The song was written by Clifton Davis who turned up at the Motown offices one day and began playing the tune he’d written on a piano. In the next office was the producer Hal Davis (no relation) who has having a conversation with another producer called Jerry Marcellino, “I heard this melody and it kept interrupting my ear,” said Davis in the Complete Motown Singles book, “I told Jerry ‘that’s a hit, whatever it is.'”
Clifton was 25 years old and had brought the song to Motown looking for a publisher and Hal promised he would cut the song with the Jackson 5. “This was an emotional song that meant a lot to me when I wrote it,” he stated in J. Randy Taraborelli’s book Michael Jackson: The Magic and the Madness. “I wanted to sing it myself really but how could I resist letting Michael have it, but I was worried that he might not understand the lyrics of pain and heartbreak. I recall him asking about one of the lines, ‘there’s that same unhappy feeling, there’s that anguish, there’s that doubt’ and he asked me what anguish meant, I explained and he shrugged his shoulders and sang the line.” Suzee Ikeda was Hal’s assistant and recalled, “When he sang that line he surprised us all with the feeling he put into it.”
Once the track was recorded in June 1970, there was concern among the powers that be in Motown about releasing it believing it to be too adult for the teen group. This annoyed Hal so the next day he played the song in his office at a much louder volume than he ordinarily would have and the label’s founder, Berry Gordy, whose office was next door, came running in saying to Hal, “Hey, that song’s a smash.” Hal replied, “I know but they won’t release it,” to which Gordy replied, “They will now.” It reached number two on the Billboard single chart but number one on the R&B chart and thus earned the group a Grammy nomination for Best R&B song but lost out to Bill Withers’ Ain’t No Sunshine, a song which Michael covered the following year and reached the UK top 10.
It was that song that prompted the Jackson 5 to take their show on the road as Michael recalled in his autobiography, Moonwalk, “The crazy days of the big Jackson 5 tours began right after the success we had with our records. After Never Can Say Goodbye was a hit in 1971 we played 45 cities that summer followed by 50 more cities later that summer.”
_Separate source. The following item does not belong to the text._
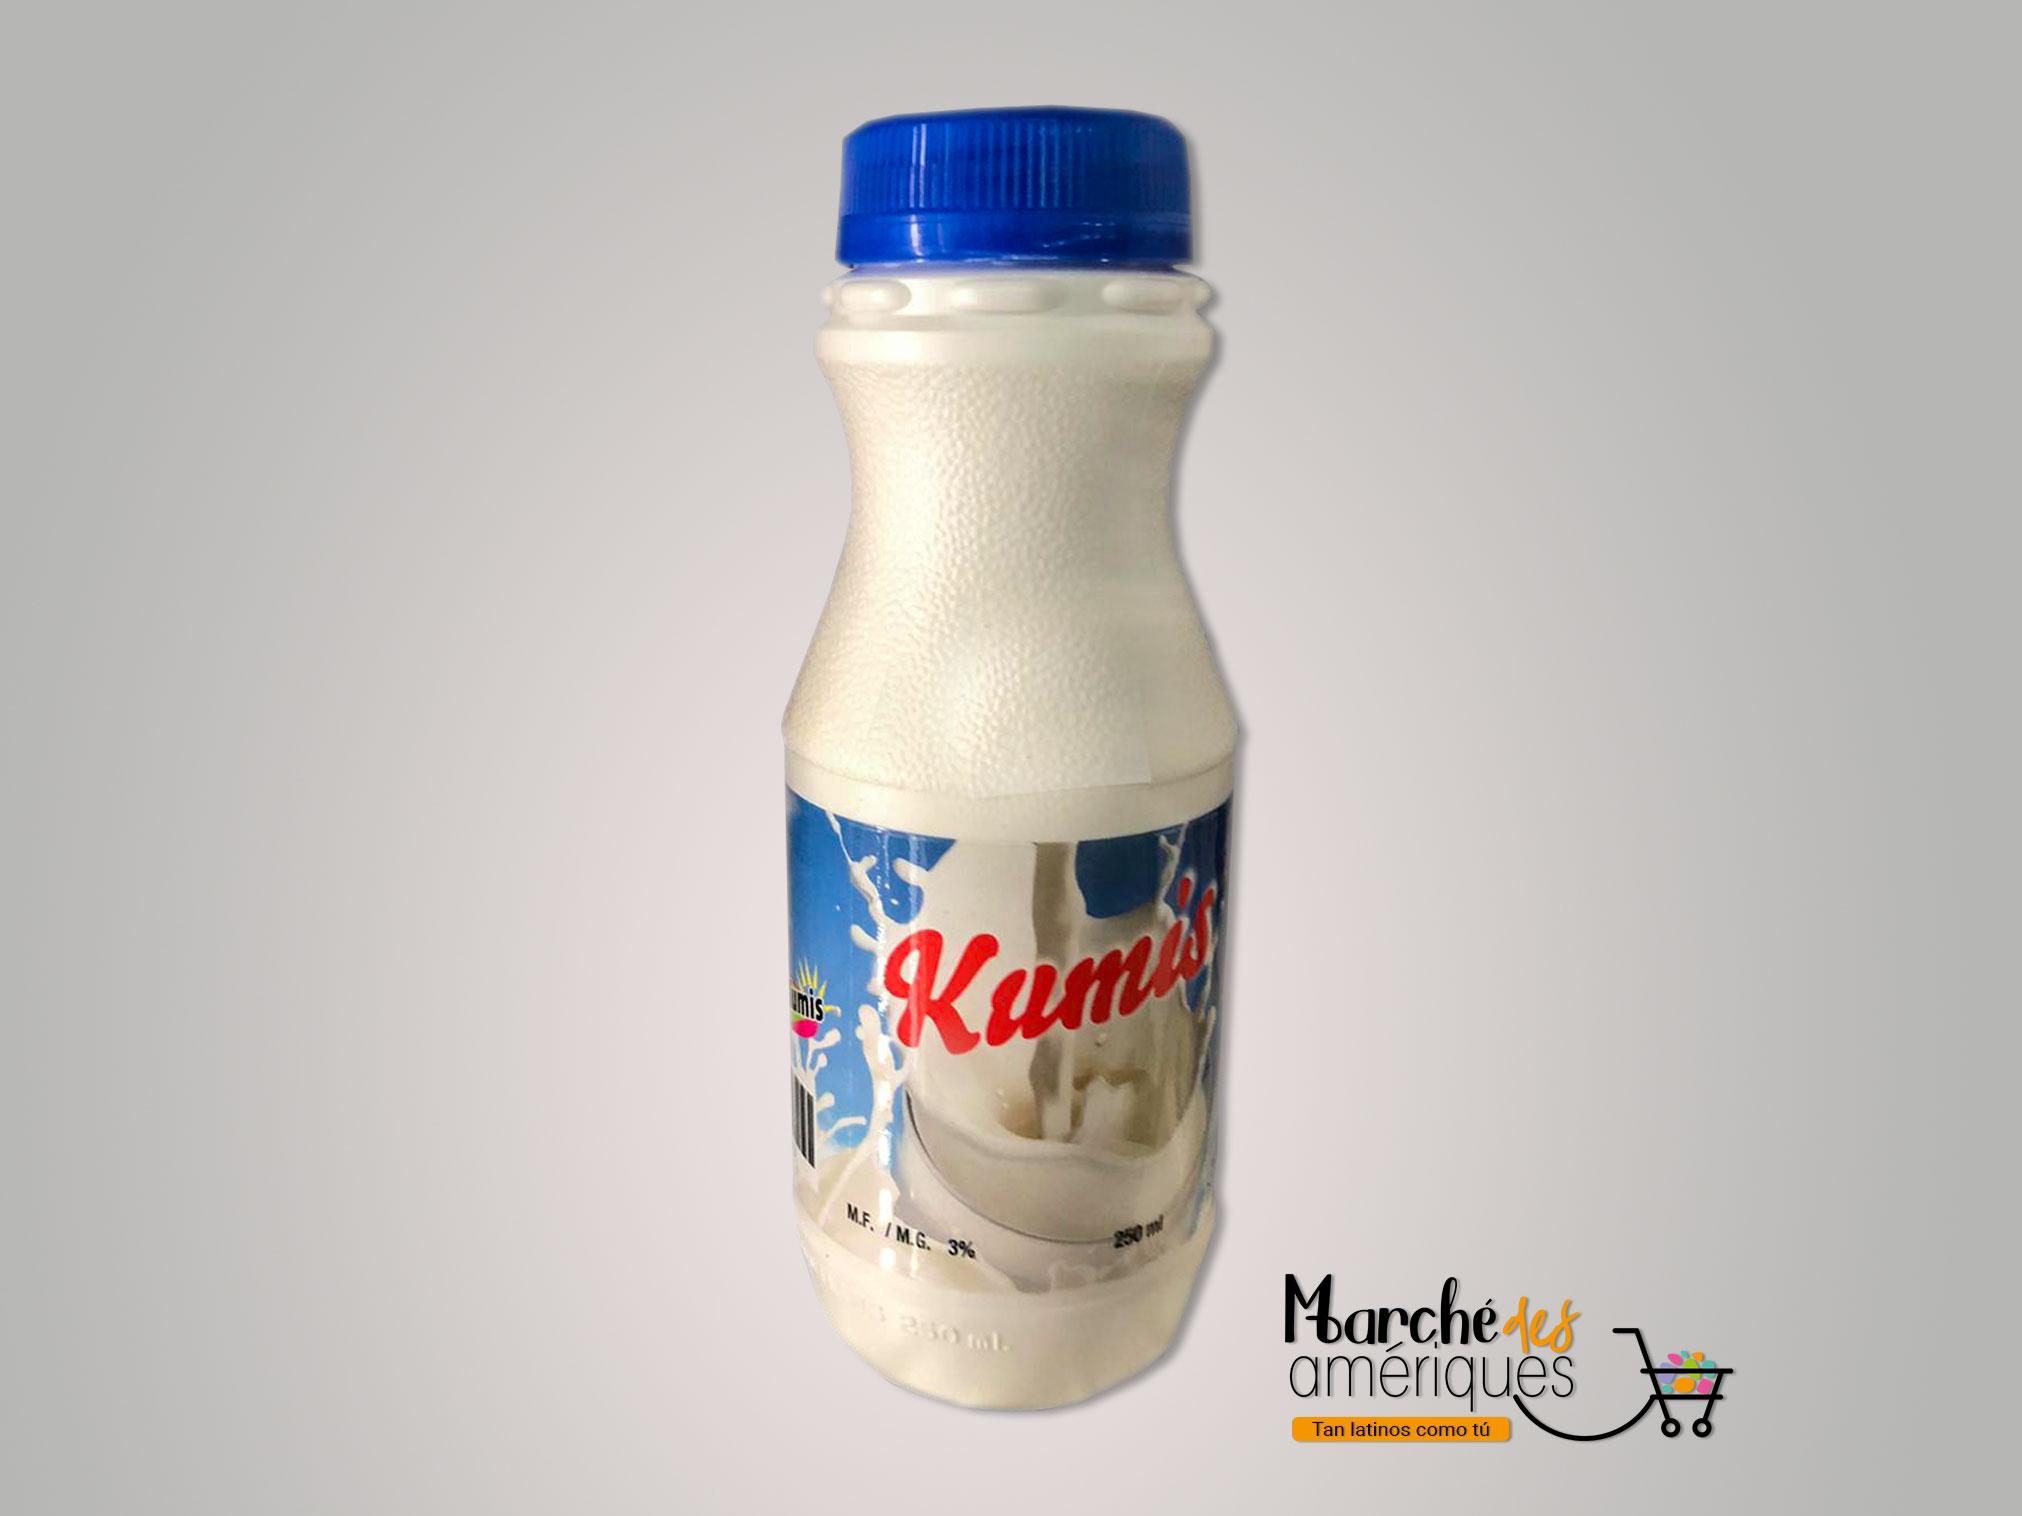 Kumis - Marché des Amériques - Código de Barras

Never Can Say Goodbye has been covered numerous time, notably by Isaac Hayes in 1971 on his album Black Moses who did it in a deep-voiced mature adult way, the same year Motown acts The Supremes and Junior Walker gave it a go. There have been respectable versions cut by Andy Williams, Sheena Easton, Sonny & Cher, Vanessa Williams and Westlife, but it was back in the UK top 10 in 1987 when The Communards took the song to number four. The track also featured in the 2006 animated film Happy Feet where Nicole Kidman renders a few lines and, naturally, Glee got in on the act when it was performed by Dianna Agron during the third season in 2012.
Clifton Davis, who went on to star in the American television shows That’s My Mama and Amen in which he played a Pastor, also wrote the Jackson 5’s follow up hit Lookin’ Through The Windows which reached number nine in the UK. In the late eighties Davis became a real-life Pastor and since 1993 has been active part of children’s services organization called Youthville in North Carolina.